Sabia eu que necessitava amar; ser amado, porém, não era o meu destino. Algumas vezes, no entanto, me surpreendia. É que a realidade me informava o contrário. Recebia mesmo demonstrações bastante positivas, provas que seriam suficientes para qualquer outro menos inseguro do que eu. Mas uma espécie de pessimismo sobre mim mesmo, e uma invencível desconfiança impediam-me de reconhecer a própria evidência. L., por exemplo, pousara sua magra e branca mão sobre as minhas durante um concerto de piano. Abandonara-me sua mão, tão apetecida pelo meu desejo adolescente, e eu ficara atônito e não compreendera, não quisera aceitar a minha imprevista felicidade. Que se passava comigo?

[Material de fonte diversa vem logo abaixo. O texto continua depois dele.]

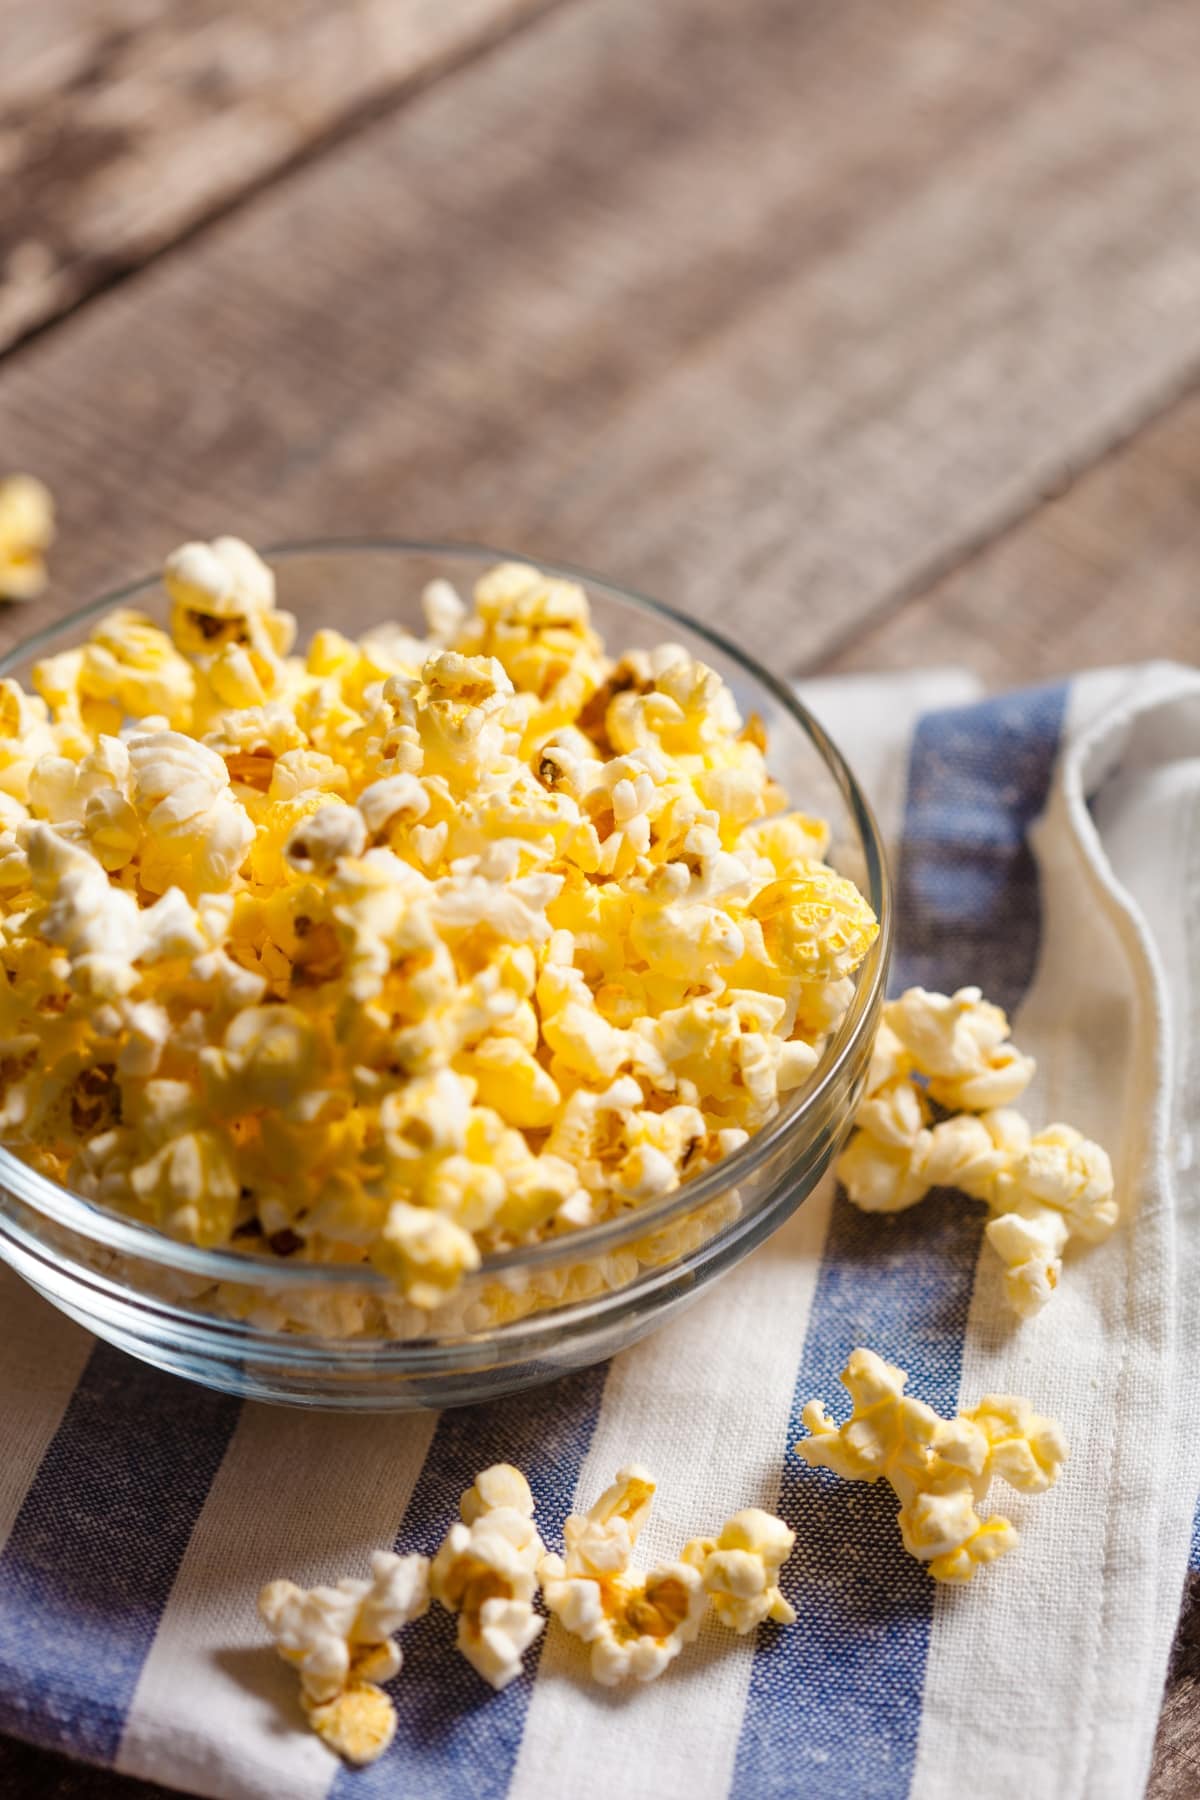 The Best Popcorn Toppings- 15 Ideas To Try featuring Homemade Popcorn in a Glass Bowl on a Wooden Table with a Blue and White Dishcloth

O tempo corrigiu muitas coisas, adaptou-me melhor à própria fortuna do amor; mas estou retratando um momento distante e impreciso em que eu era assim mesmo.

Mas, voltando a Nova Iguaçu e à serraria onde eu trabalhava, reencontro-me, de novo, caminhando depois da sessão de cinema pela rua esburacada, atravessando a linha férrea e voltando ao escritório, onde se improvisava, todas as noites, um quarto de dormir para mim. Transformava, a mulher do vigia, um sofá em cama; estendia os lençóis, esquentava um copo de leite, dando-me no desamparo desses momentos ásperos uma sensação de conforto e de carinho.

Foi nesse instante de minha vida que veio visitar-me um novo amor, logo por mim considerado impossível. Todas as manhãs, em frente à serraria, a caminho de uma obrigação cotidiana qualquer, passava uma jovem criatura. Teria, calculo hoje, seus dezesseis anos. Era mais gorda do que magra; morena e pálida. Portava quase sempre um gracioso chapéu-de-sol – que se chamava sombrinha – e trazia uns livros e rolos de papel que deviam ser textos de músicas. Depreendo que saía de casa para receber lições de piano. Seus cabelos lisos, negros e longos caíam-lhe pelos ombros. Era a filha de um político local que possuía, segundo me informaram, uma plantação em Queimados. Às dez horas da manhã ou pouco antes, já me encontrava eu na janela do escritório para ver passar aquela que, sem o saber, se tornara a meus olhos a encarnação do eterno feminino. Revejo-a bem. Não caminhava como as moças de hoje, que aprendem a andar bem nas escolas de charme, que conhecem os movimentos e os ritmos que tanto impressionam os homens.

A minha visão do amor era solene, lenta, soberana em sua marcha. Seus pés não pisavam nuvens, não se desviavam da rota; em volteios graciosos, apoiava-se ela fortemente no chão. Se pelo caminhar de uma pessoa podem-se descobrir os seus ritmos interiores, a sua maneira de ser, a minha rapariga de Nova Iguaçu deveria ser uma pessoa tranqüila, não temerosa do dia de amanhã, capaz de dirigir-se pela razão, uma mulher forte e decidida. Mas tudo isso era harmoniosamente combinado com uma espécie de encanto físico, que não se poderia chamar de beleza, mas que era misterioso encantamento.

Essa sedução, esse enigmático dom de atrair alimentava o meu sonho.